Having a list of all loaded binaries also turned out to be useful for other developer features: thanks to it, Gramine can report more details about a crash location, and even help with profiling.
As said before, Gramine runs as a library, but handles operations that would
normally be system calls. This is also achieved using our patched version of the
glibc
library: instead of running a SYSCALL
instruction, the library jumps
directly into Gramine. (The application might also execute
SYSCALL
instructions directly, and we intercept these, but this is much slower
than a simple jump).
What's important is that we cannot keep using the application's stack. Normally,
the SYSCALL
instruction triggers entering the kernel (which sets up its own
stack), and the code containing SYSCALL
relies on the fact that the
application's stack stays untouched. Therefore, Gramine also needs to switch to
its own stack.
Deeper layers of Gramine actually switch stacks for the second time: when Gramine needs to run some code outside of the SGX enclave, it uses another syscall-like mechanism called OCALL ("outside call"). The code after OCALL cannot access the enclave memory anymore, so it needs its own stack in untrusted (non-enclave) memory.
As a result, if we want to read a full stack trace, we might need to go through three different places in memory: the untrusted stack, Gramine's stack, and finally the application stack.
GDB has to understand how to move between all these stacks. This is usually done
by decorating the assembly code with CFI directives, which contain exactly
this information (e.g. "in this place in the code, the previous stack frame is
saved at address [RSP+xyz]
").
However, notice that in our case, the stack frames are not ordered: most of the
time the next stack frame is at a lower address (as is normal on x86), but when
we change stacks, we might need to jump back to a higher address. It turns out
that GDB really doesn't like this situation, and claims the stack is corrupt.

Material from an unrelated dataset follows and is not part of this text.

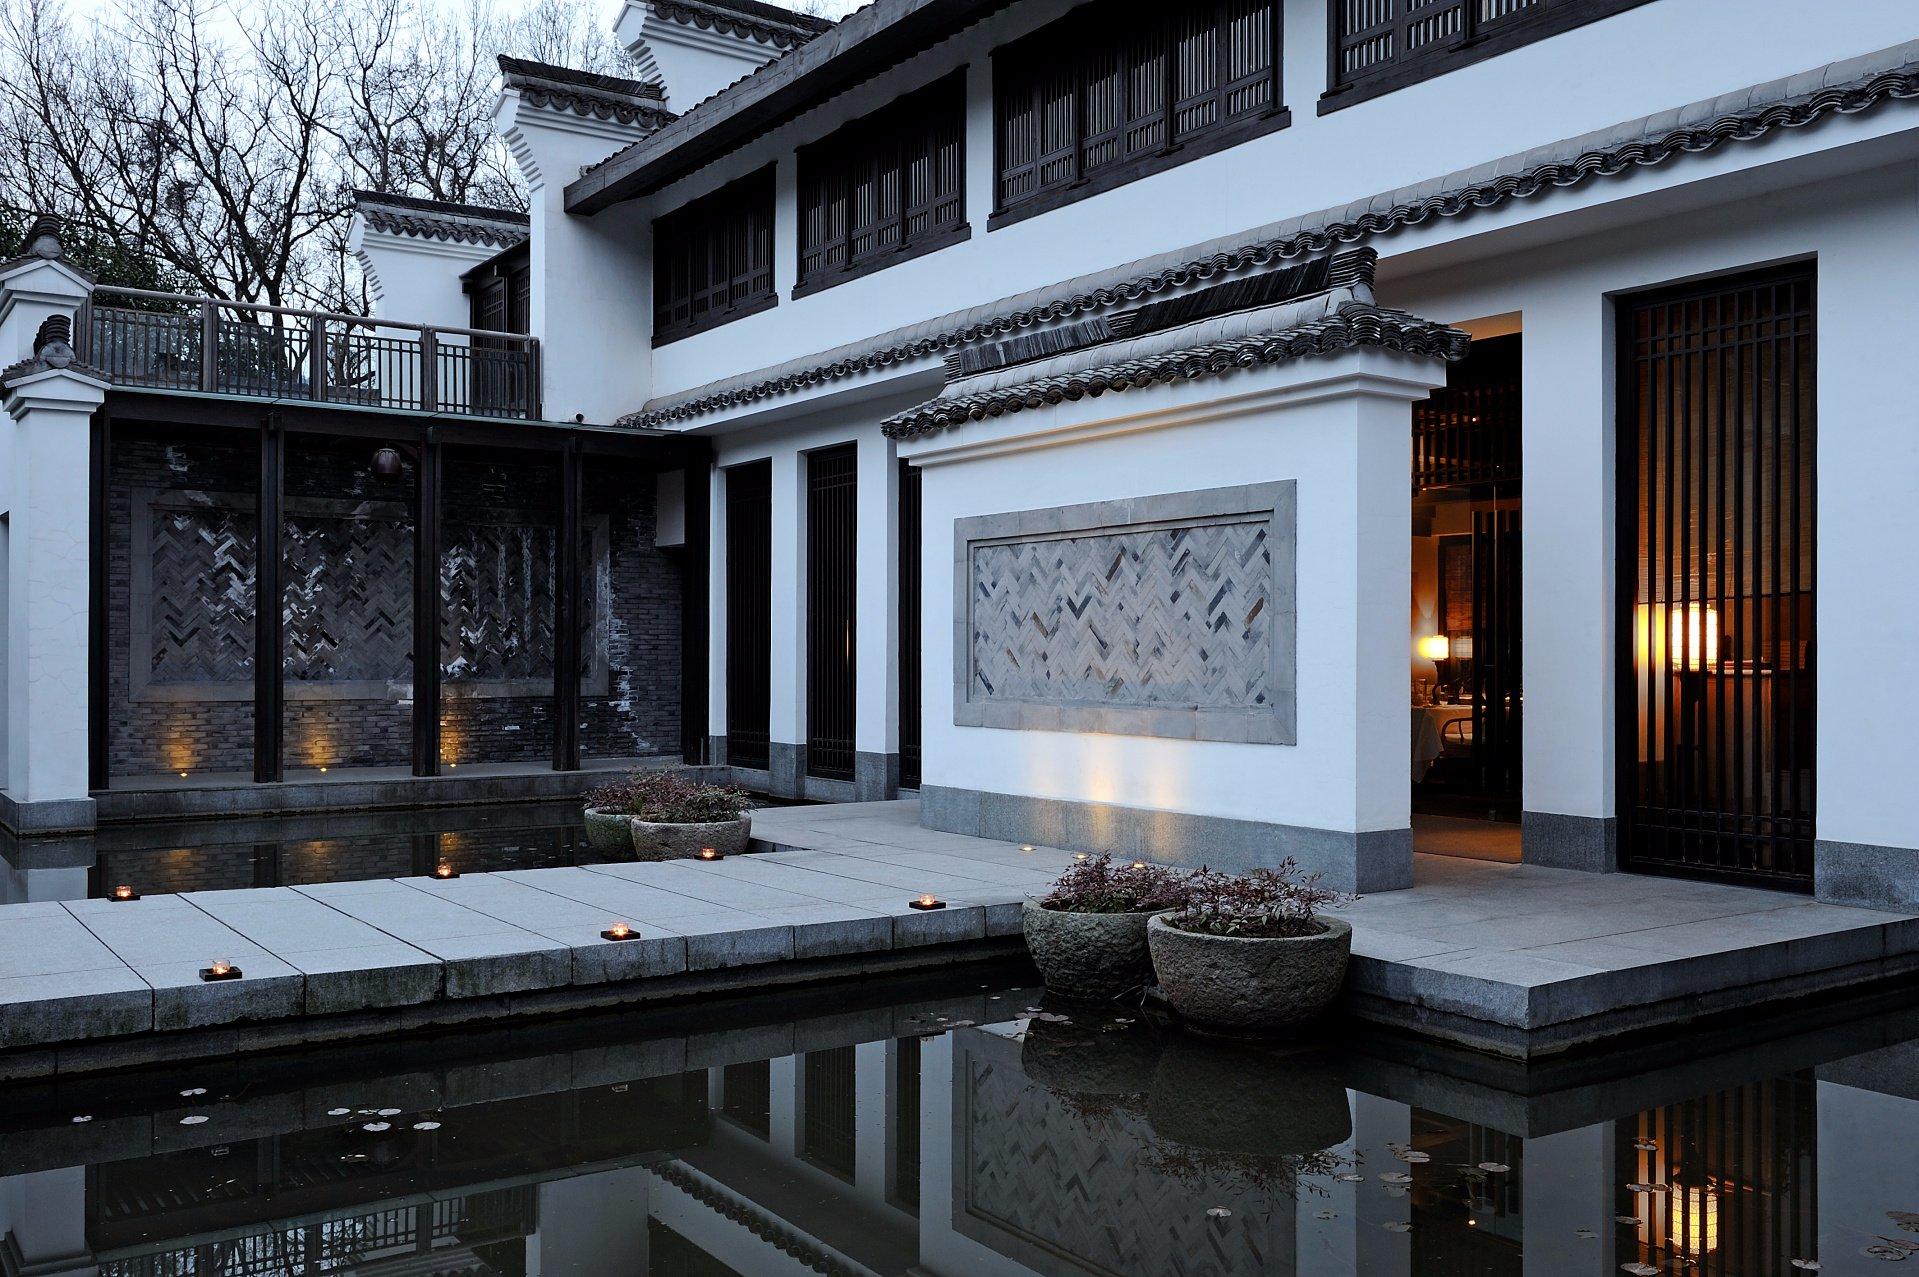 Hangzhou Amanfayun
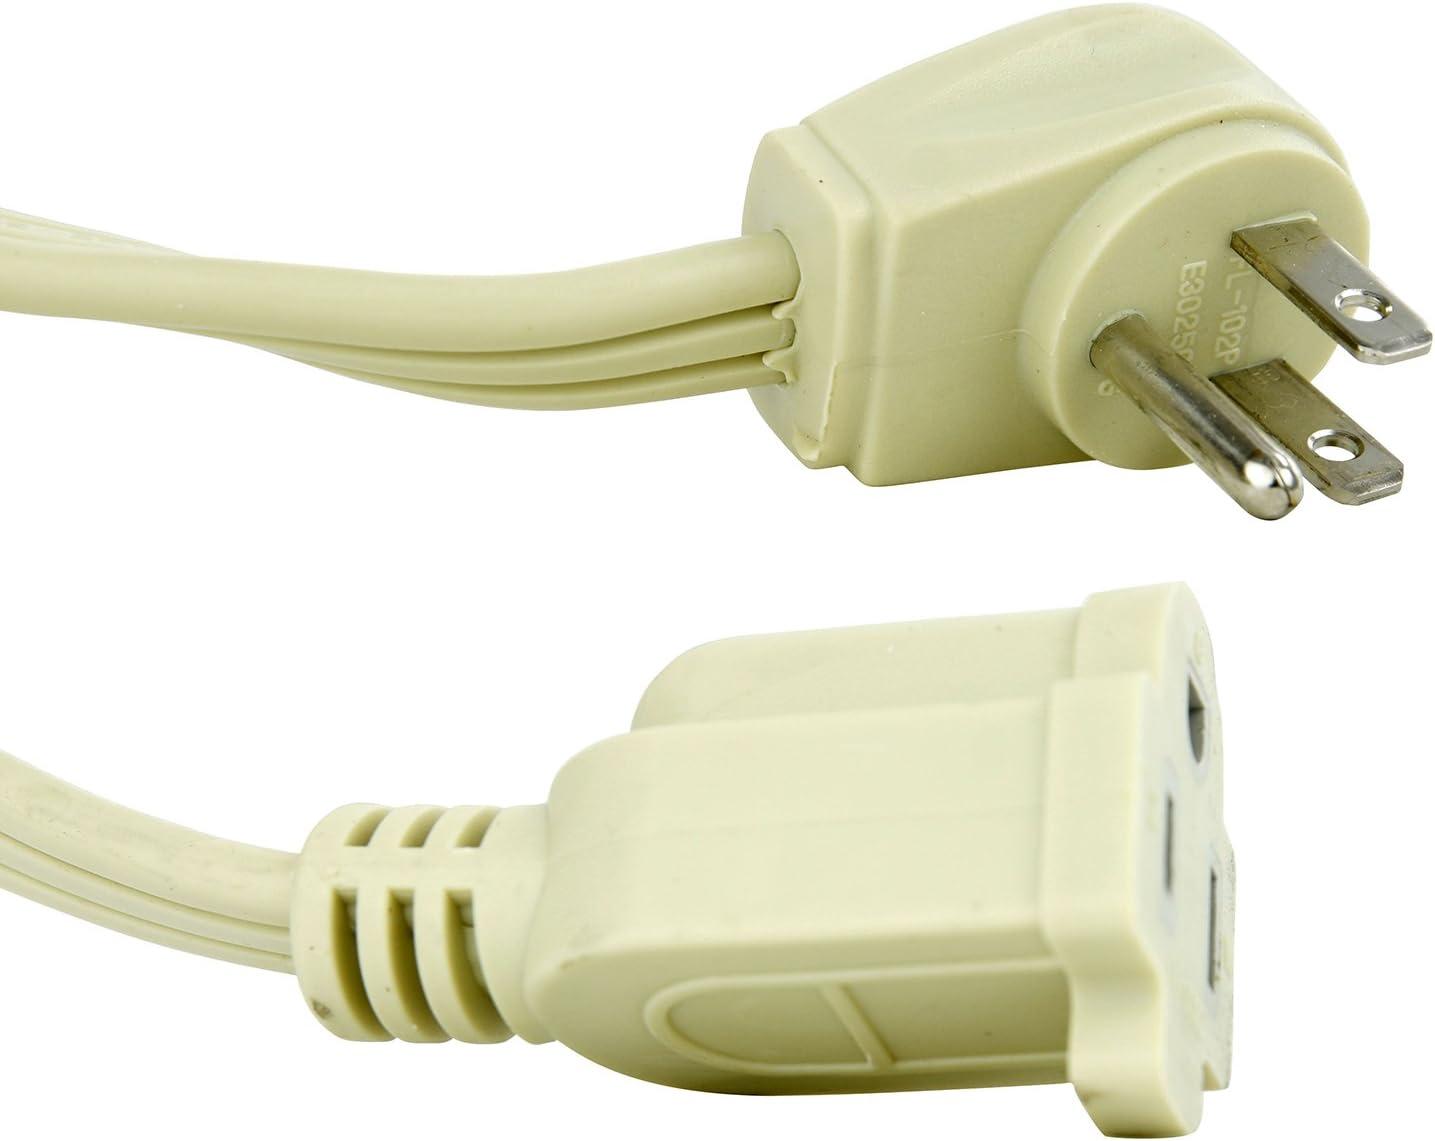 Sunlite 04160-SU EX12/AP Heavy Duty Appliance Extension Cord, Three Prong, 14/3 Gauge, 15 Amp, 12', Beige

The only exception is when a function is called __morestack
(this magic name
is actually hardcoded in GDB sources). In order for GDB to
process our stack trace correctly, we have to pretend that the return address
is inside a __morestack
function.
Unfortunately, getting GDB to work with Gramine required some fighting. I mentioned the most important parts, but I left out some more details, such as signal handling or handling multiple threads. The end result is usable for most scenarios, but still breaks occasionally.
Of course, we're not interfacing with GDB using any official API. An alternative implementation could use GDB's libthread_db mechanism, or perhaps the remote debugging protocol. I think both of these are worth at least investigating.